All I can say is, what do we ask the people of Palestine, for example? We can’t ask them, How close are you to achieving your goal? All we know is that if the goal is an ethical and honorable one, then it’s worth fighting for. Does it mean that you are fighting it just for the sake of it? I don’t think so. I don’t think anybody in Kashmir thinks that they are fighting a futile war. I think they think victory is somewhere around the corner. Will it be 1 year, 5 years, 10 years, 20 years? Who can say? But the fight is on for sure.
Адамдар эмне кыла алышат?
For a long time now it’s been very important for people to act upon their own governments, wherever they are. This time around we saw quite an extraordinary amount of mobilization in the U.S., for example, where younger Kashmiri Americans have worked extremely hard and managed to create quite a substantial dent in the circles of government, for example, lobbying with Congressmen and women, managing to find a place at Congressional hearings. That’s the best kind of support. I think that anywhere in the world, even in India, when people want to help, they don’t necessarily have to gather money and buy coats and send them to Kashmiri children or fly off to Srinagar and help with some school. No, not necessarily. But they can work upon their own governments and force them to take cognizance of the facts, which is what is happening right now. I think that’s a good thing.

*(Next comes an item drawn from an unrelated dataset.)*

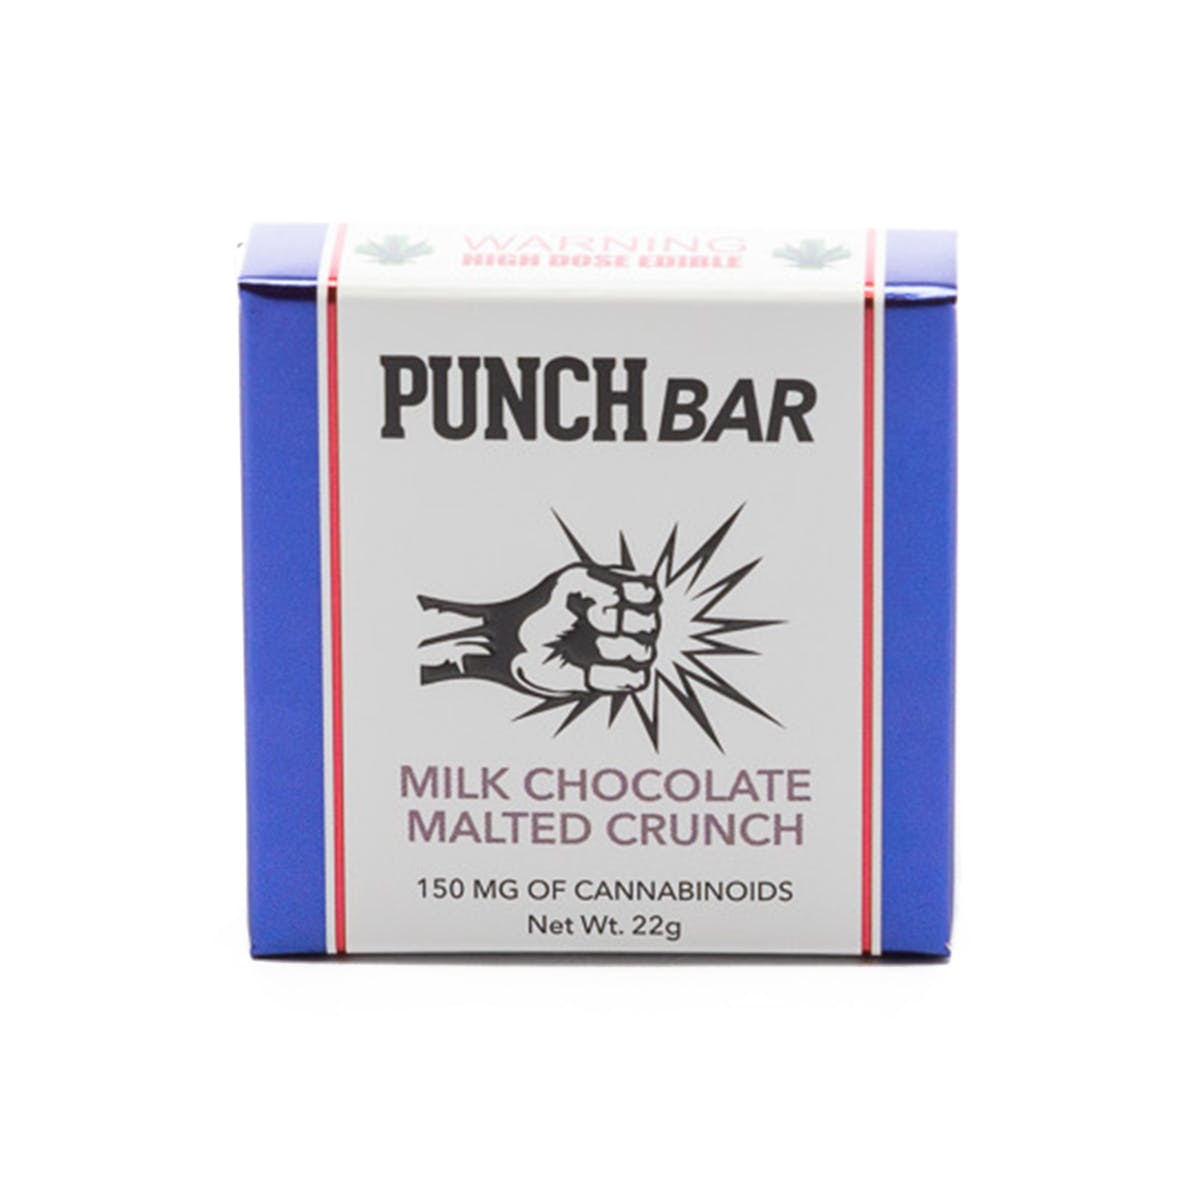 ORIGINAL - Milk Chocolate Malted Crunch 150mg

You have produced highly acclaimed documentaries, such as Jashn-e-Azaadi, How We Celebrate Freedom, about Kashmir, The Red Ant Dream. What are your future plans?
I don’t think I’m making a film for a while in Kashmir, but I also did a book a year ago, a book of photographs of nine photo journalists called күбө, which was another way of addressing Kashmir. Because through the work of these nine photographers who have grown up and become working professionals in these years, 1986-2016, you also find a way of telling the story of Kashmir. I would like to continue to speak about Kashmir and think my way through the present and through the wonderful work that a lot of scholars and journalists and others are doing. So it’s a very rich territory. I’m totally occupied by it, in a sense. But does that mean it will necessarily be a film? I don’t think so. What form it takes I don’t know.
Убактыңыз үчүн чоң рахмат.
Thank you, David. Always a pleasure.
(Убакыттын тардыгына байланыштуу интервьюнун кээ бир бөлүктөрү улуттук уктурууга киргизилген жок. Ал бөлүктөрү бул стенограммада камтылган.)